One of the interesting questions that popped out of our discussions with Ken Aizawa about Runeson and the Ames Room is this: did Gibson and his followers banish physics and geometry from his psychology? And if so, is Runeson breaking this prohibition by talking geometrically about the Ames Room? And how can you banish physics anyway - what the hell?

I think I've convinced Ken that there is no such prohibition in the comments at the posts linked to above (I think). But it's a topic of fairly central importance to the ecological approach, so I wanted to summarise some of these ideas and examples here.

(Psycho)physics
Physics describes objects in the abstract, as approximations in units that aren't relative to an observer. Remember, in the joke, it's the physicist who assumes the cow is a sphere. But we tend to treat the physical description as 'the way things actually are', the objective yardstick against which all science should be evaluated. Indeed, the science of psychophysics is explicitly premised on the idea that the job of the sensory systems is to convert the objects of the physical world into the objects of psychological experience, because the former are 'what there is to be known'. Vision science is therefore fascinated by illusions because they are supposed to reveal how our psychological experience often fails to correspond with the physical reality, due to the assumptions we have to impose in order to convert from the one to the other.

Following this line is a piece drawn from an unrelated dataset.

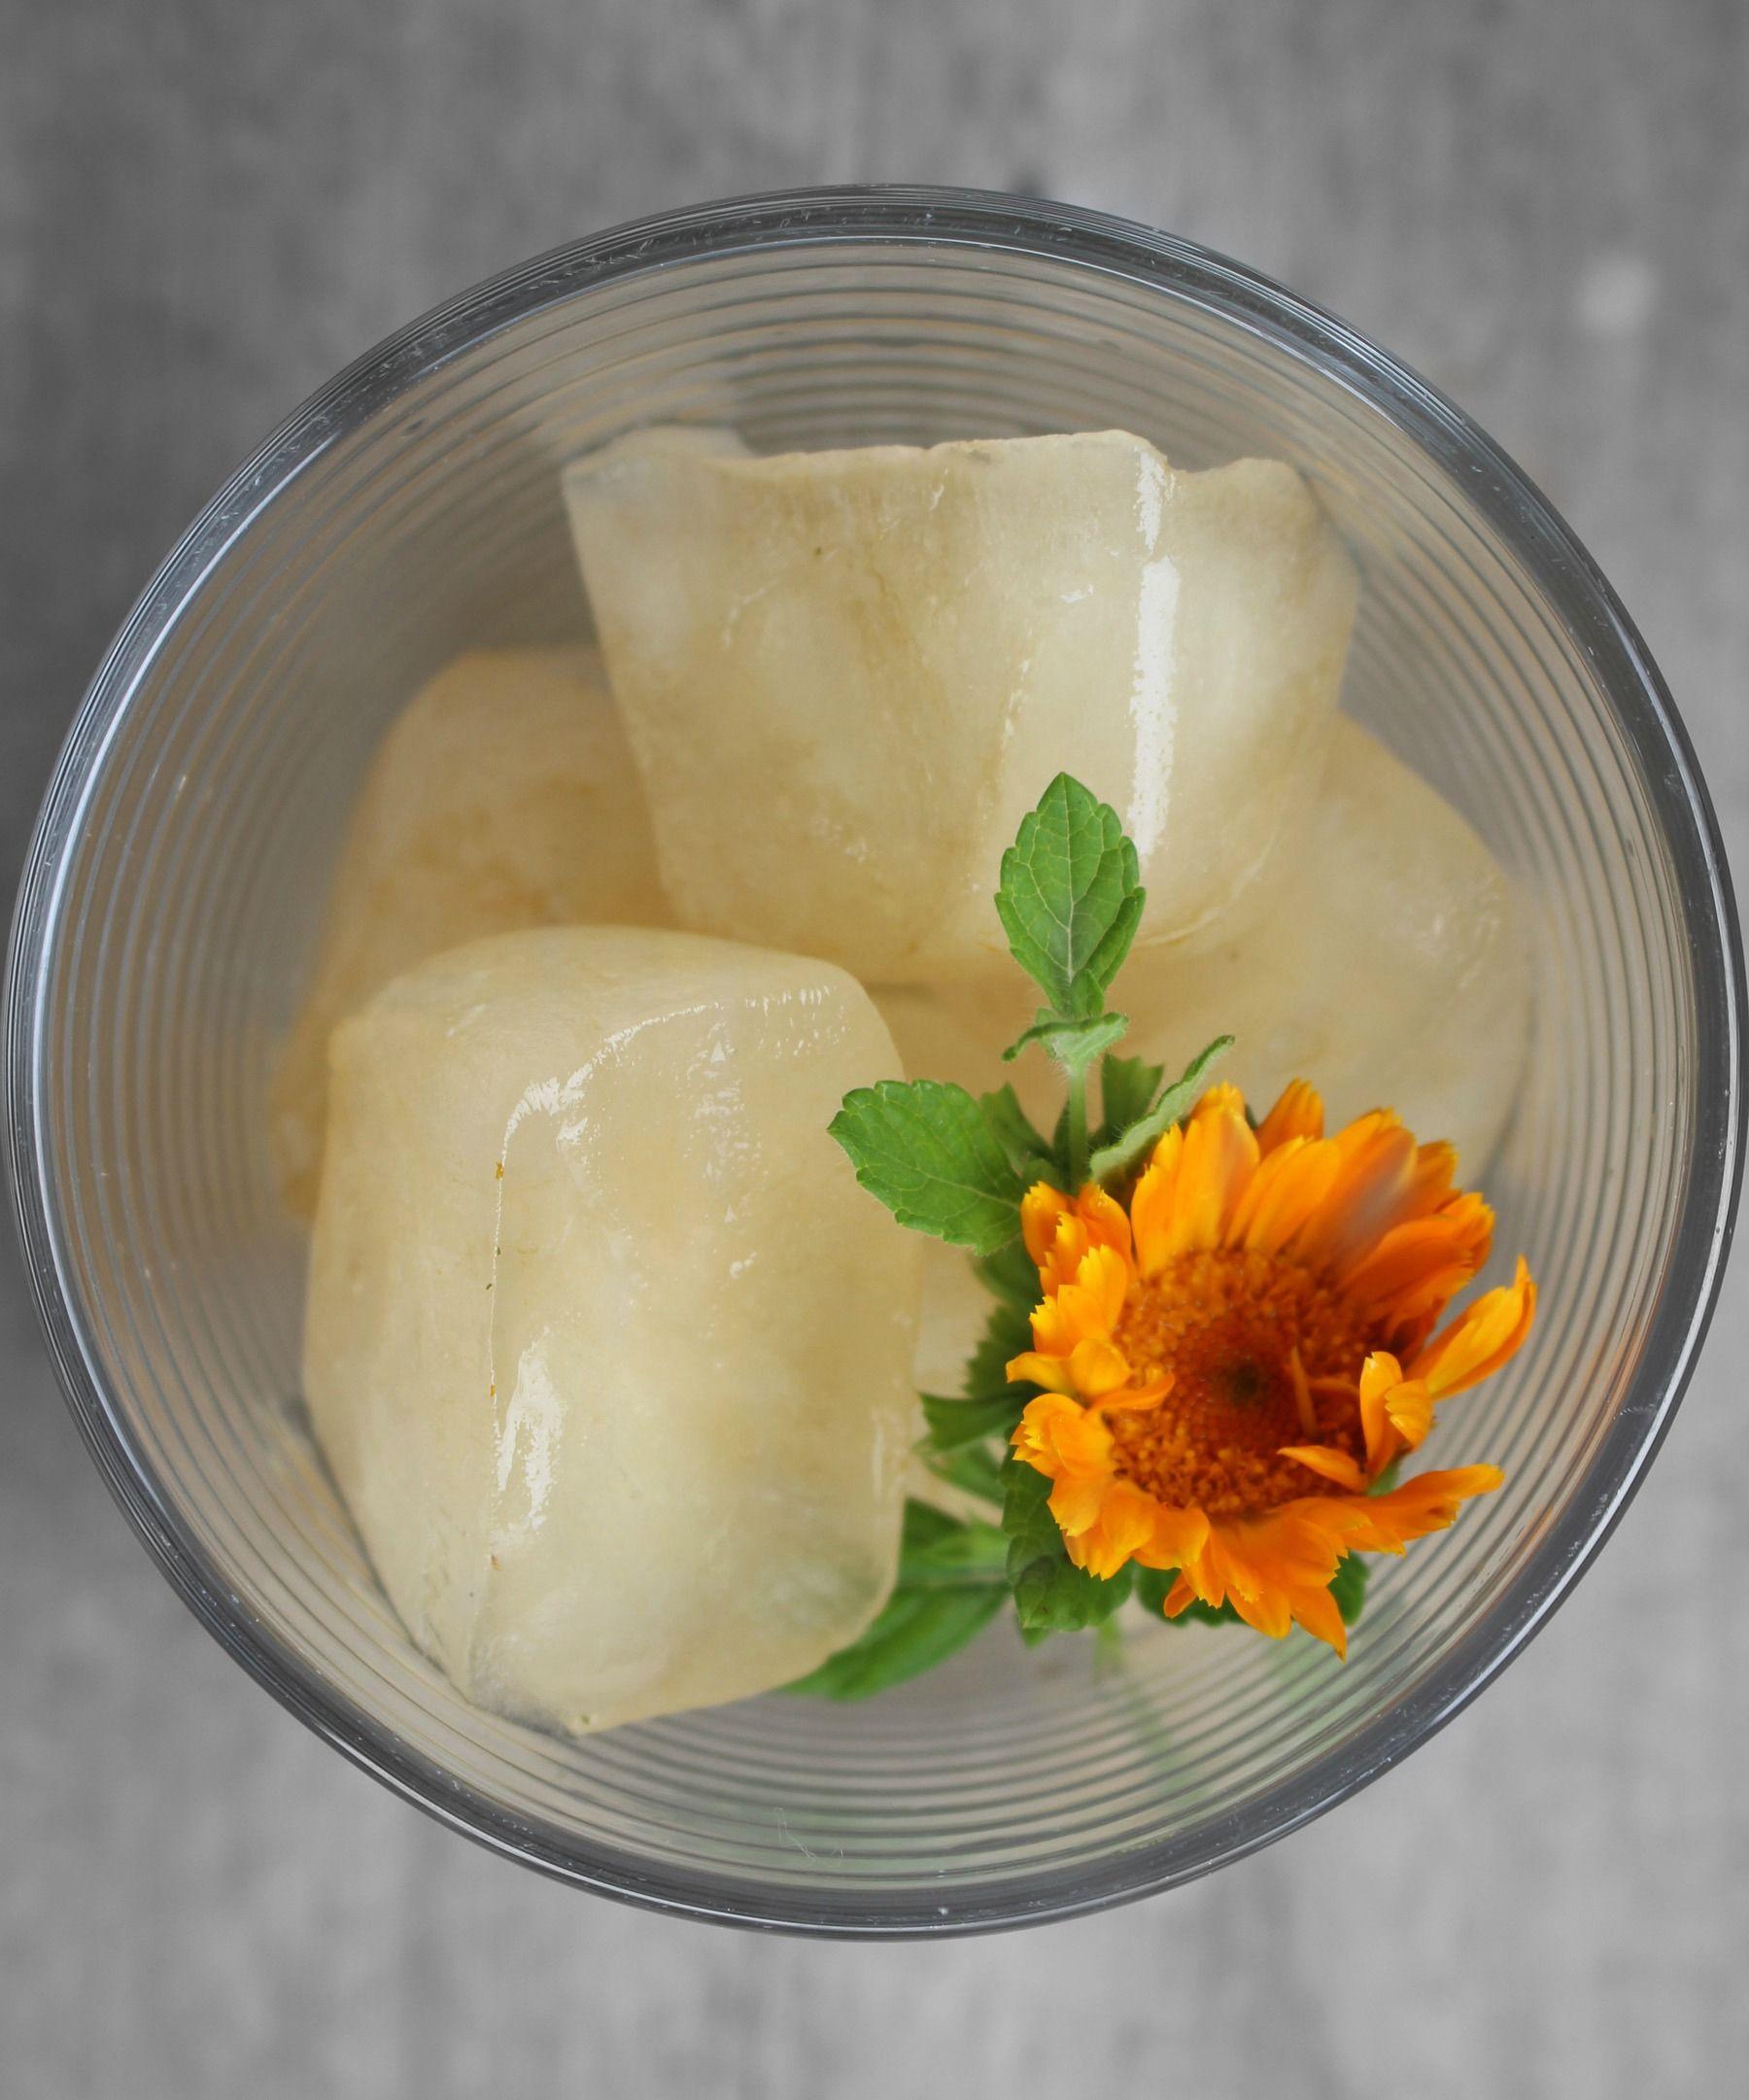 14 Uses for Calendula Tea Calendula tea, Edible flowers

But recall the ecological response to illusions; first, they are generally readily revealed by exploration that breaks the limitation creating the problem. Second, and most relevantly here, they are only 'failures' if you think the job of the sensory systems is to bring your psychological experience into correspondence with an external world as described by the science of physics. It's precisely this that Gibson and his followers reject.

Gibson (1979)
Gibson does indeed spend quite a bit of time railing against physics; specifically, against the argument that the objects of perception are best described using the language of physics. Gibson spends the first three chapters of the 1979 book defining what things like 'surface', and 'ambient light' mean to an organism, rather than to physics. Sabrina has covered this in her Reading Group posts on Chapter 1, Chapter 2 & Chapter 3. These chapters are unique to Gibson (1979); no other perceptual psychologist feels the need to (re)define what the world is made of, given that this is what physics is supposedly for. I find them fascinating, precisely because no-one else thought it needed doing, while Gibson clearly felt he had to, in order to get his theory up and running. This is the first hint that Gibson is truly proposing something different. 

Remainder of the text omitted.